Триумф в школе Прескотт — страница 9 из 96


— Джеймс Баррассо, умер по прибытии, — промурлыкал Оскар, и затем снова посмотрел на меня, словно ему тоже было сложно перевести дыхание.


Затем, и Богом клянусь, это не было запланировано, я почувствовала теплую струйку, стекающую по моему бедру, и посмотрела вниз, чтобы разглядеть немного красного в темноте, вытекающего из-под шортов Каллума, которые я одолжила. У меня привычка одалживать одежду мужчин.


Приятно ли это — укрывать себя их запахом?
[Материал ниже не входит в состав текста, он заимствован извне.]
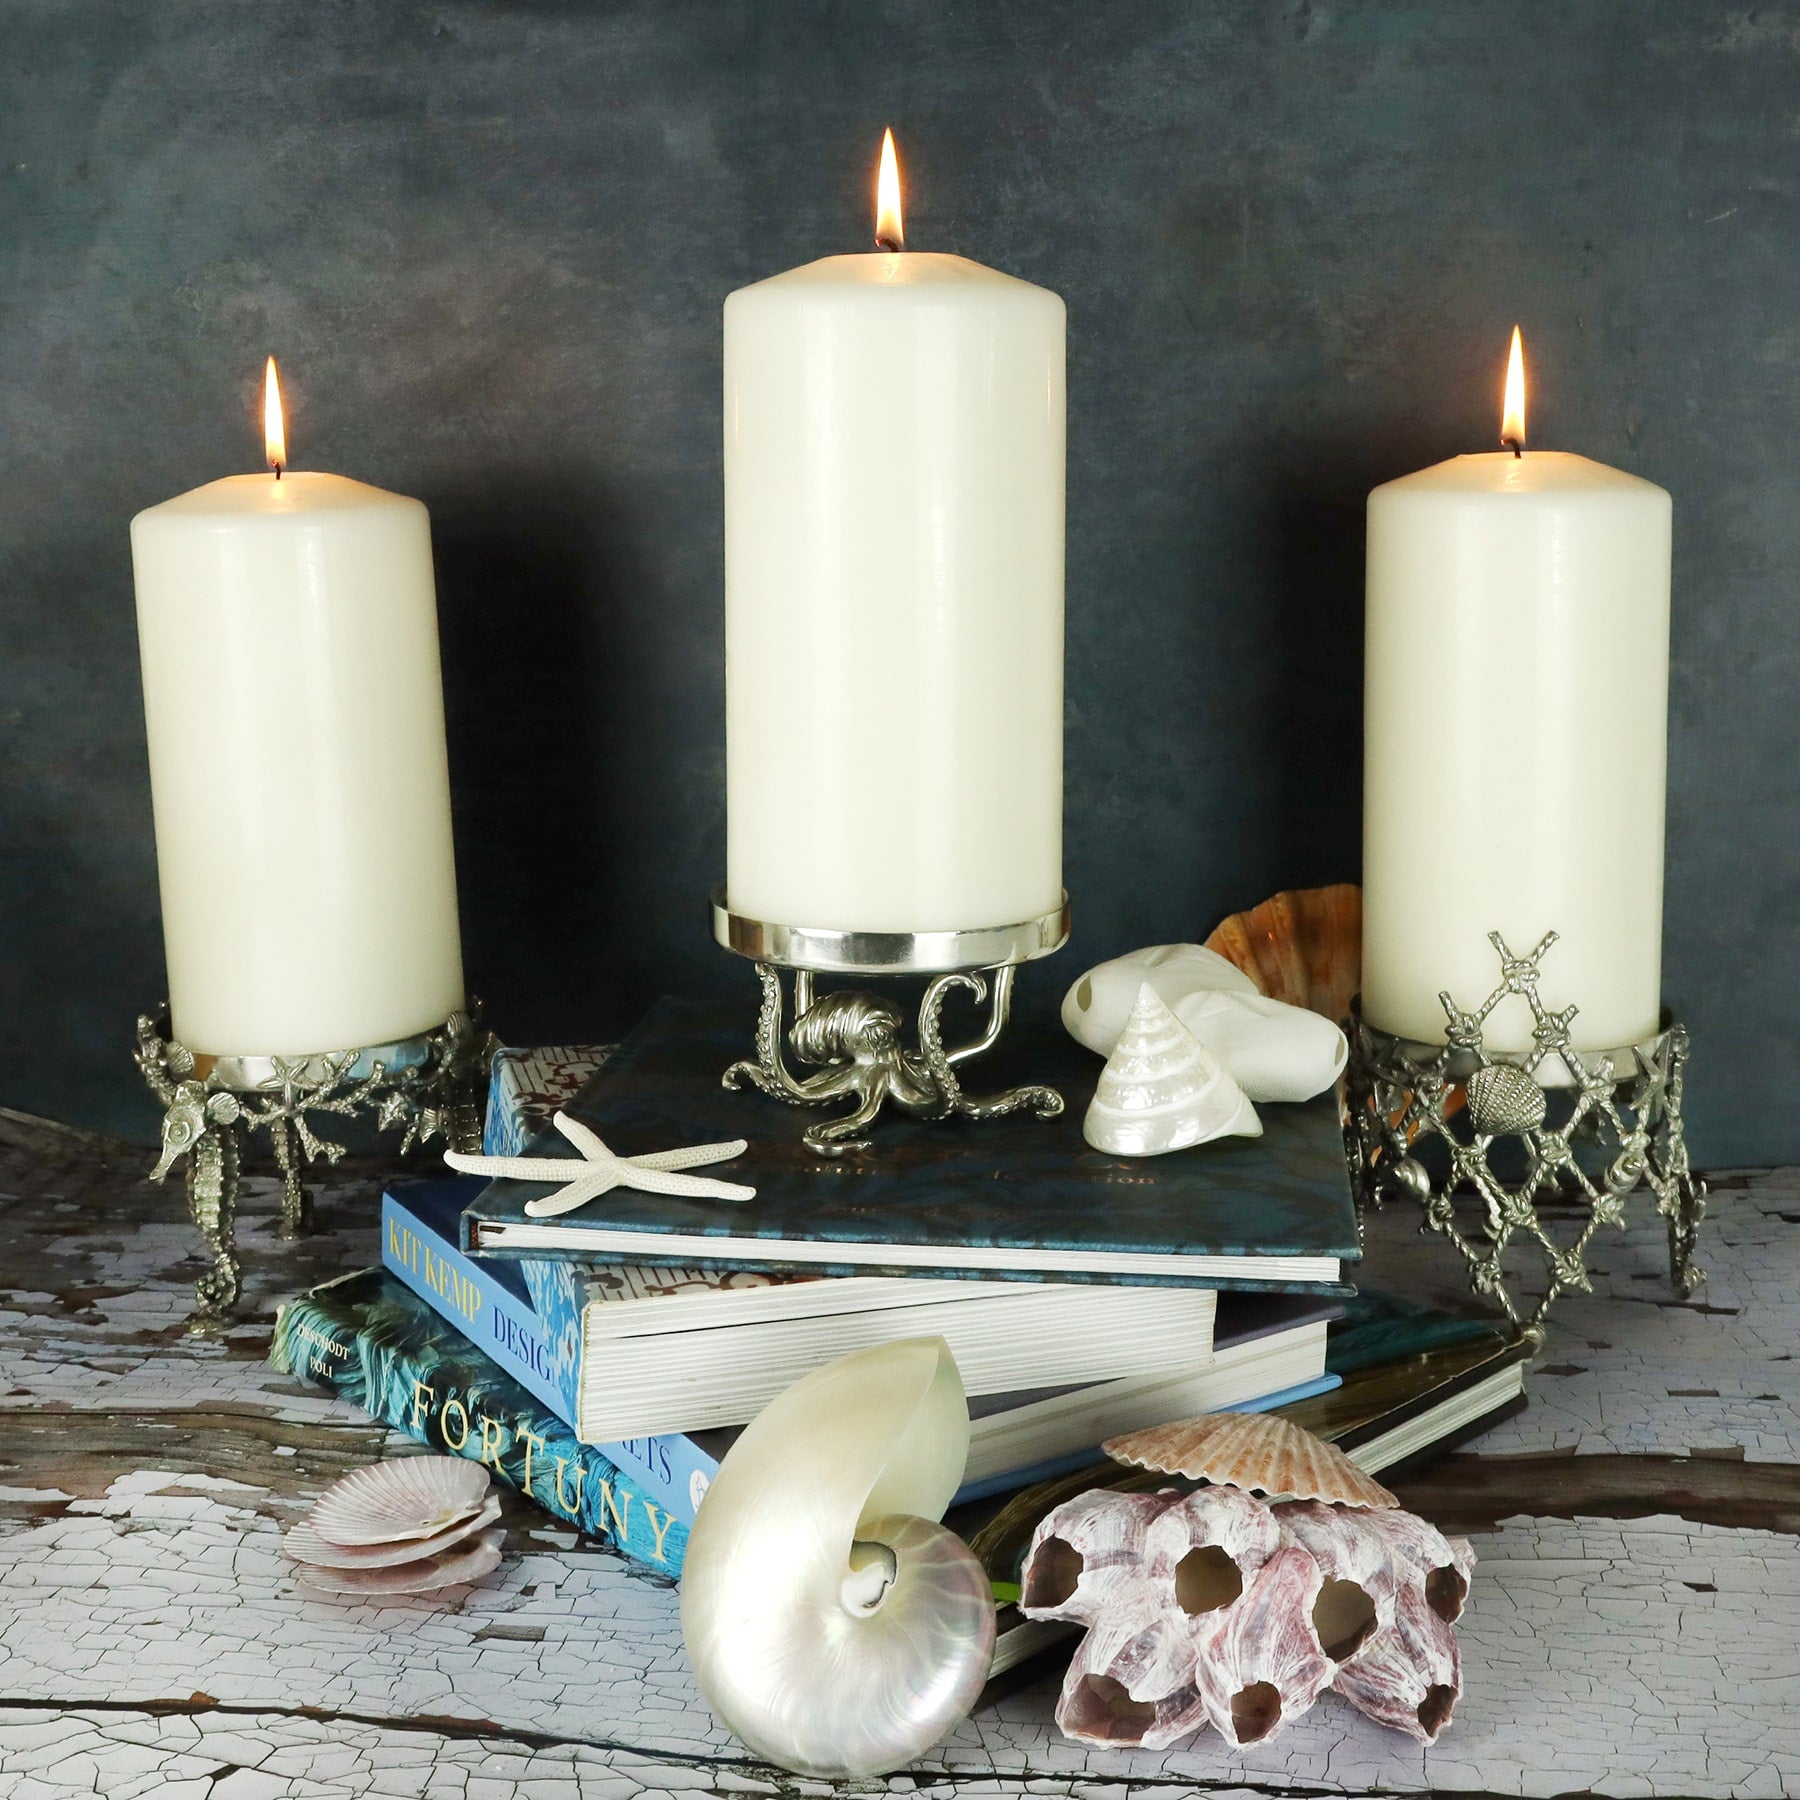 Close up shot of three large Pewter Candle Holder featuring intricate seahorses as the base placed on a table with books and shells on the table

Полагаю, это первобытно, а я могу быть первобытной сукой.


— Какое идеальное время, — выдавила я, когда Оскар закрыл глаза и отпустил меня. — И все же, Джеймс Баррассо мертв. Максвелл никогда этого просто так не оставит, даже если в этом изначально виновата его банда.


Кровь стекала на пол ярко-красными пятнами, заметными даже на темной кухне. Сумерки проникали сквозь раздвижную стеклянную дверь, их серебристого блеска достаточно, чтобы пронзить холод январского вечера.


— Ты можешь помыться, — сказал мне Оскар, открывая глаза и уставившись на меня — Обещаю, что на этот раз не трахну тебя, а потом уйду.


Я ощущала на себе пристальный взгляд Вика, но демонстративно отвернулась и двинулась в ванную наверху, чертыхаясь.


Конечно, мои месячные должны были начаться именно сегодня, из всех дней. Нерегулярные, как и всегда. Это знак того, как работают мои силы, да? Словно они связаны с луной, кровью и непреодолимой силой женского начала?


Я хлопнула ладонями по столешнице и на мгновение уставилась на себя в зеркале.


Завладей контролем, Бернадетт. Кровь месячных — это ознаменование магии.


Я уставилась на себя, в глаза вечнозеленого леса, навсегда застрявшего изумрудном оттенке. Моя кожа была бледной, как плоть призрака, который никогда не видел солнца. Мои щеки были слишком розовыми, живот сводило от спазмов. Блять, больно. Такое ощущение, будто…ну, будто меня пнули в живот. А так и было. Несколько часов назад.


Со стоном я включила воду и плеснула в уже чистое лицо, стараясь смыть жестокое чувство паники. «Последний раз, когда я видел его, он был снаружи школы и погнался за кем-то то». За кем погнался? Куда?


Если он где-то рядом со школой, Сара и ее отряд федералов выследят его.


Но я в этом сомневаюсь.


Потому что если бы Каллум был жив и здоров, то уже связался бы с нами. Это значит, что, где бы он ни был, ему нужна наша помощь.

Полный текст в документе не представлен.